Monday, Dec. 08, 1986

The Philippines $ First a Firing, Then a Truce

By William E. Smith

Scarcely a week after her government seemed about to falter under intense pressure from within the armed forces, President Corazon Aquino reasserted her authority with skillful timing. First she fired her leading critic within the Cabinet, Defense Minister Juan Ponce Enrile. Then, following three months of negotiation, she reached an agreement with Communist-backed rebels for a 60- day truce beginning Dec. 10. The cease-fire, the first in the 17-year history of the insurgency, will give the government and the rebels a chance to explore the possibilities of a longer-lasting settlement. Moreover, the truce will free Aquino to campaign for adoption of a new constitution in a plebiscite on Feb. 2. If approved, that charter will strengthen the powers of the presidency and give Aquino a firmer hand in dealing with the nation's problems.

"I have no doubt that the next phase will be even more difficult," declared the government's chief negotiator with the rebels, Agriculture Minister Ramon Mitra, "but the obstacles will be overcome." The agreement with the Communist-dominated National Democratic Front, the political umbrella organization for the 20,000-member New People's Army, permits as many as 50 rebel negotiators to set up a headquarters in Manila. They will be immune from official search, arrest and prosecution.
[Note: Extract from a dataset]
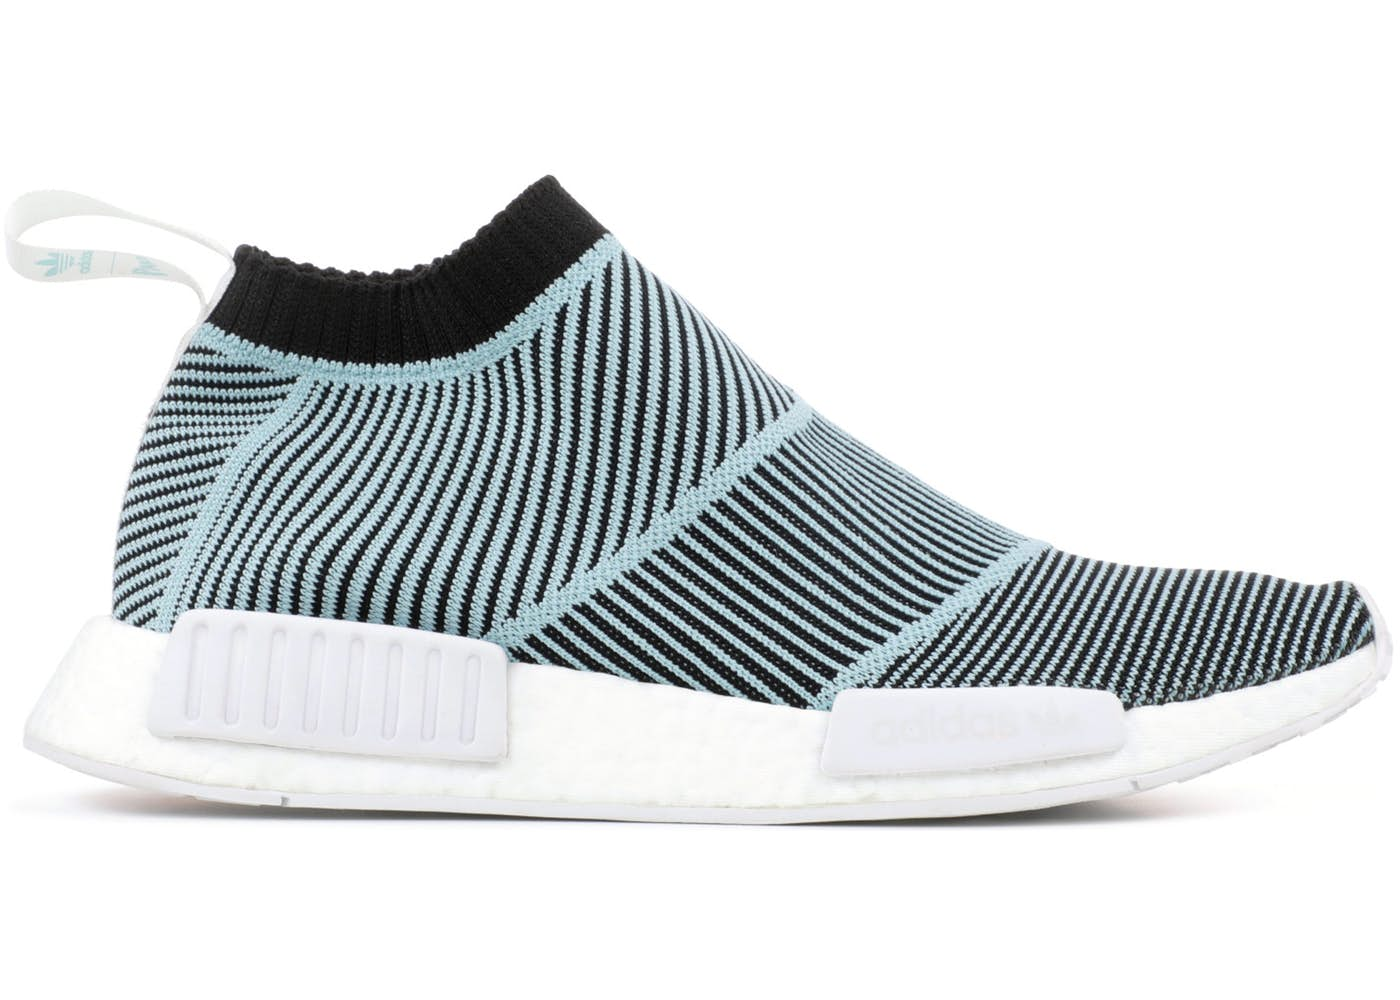 ce880f801 adidas nmd cs1, Adidas Nmd Cs1 City Sock Pk - S79150 – Urban Necessities

The armed forces will retain the right to respond to "hostile acts" by the N.P.A. during the truce.

The insurgents insisted on the right to collect "progressive taxes" in rebel-controlled areas and to seize weapons from government depots and other sources while the peace talks are in progress. The armed forces understandably found both provisions unacceptable. In a carefully worded compromise, the two sides agreed that these practices would not be designated as "hostile acts," but at the same time the armed forces reserved the right to take action against them.

The cease-fire was signed at Manila's Club Filipino, the sumptuous establishment in the suburb of Greenhills where President Aquino took her oath of office ten months ago. She was not present for the historic moment. Instead, along with her friend and adviser Jaime Cardinal Sin, the Archbishop of Manila, she attended a ceremony that morning marking what would have been her slain husband Benigno's 54th birthday.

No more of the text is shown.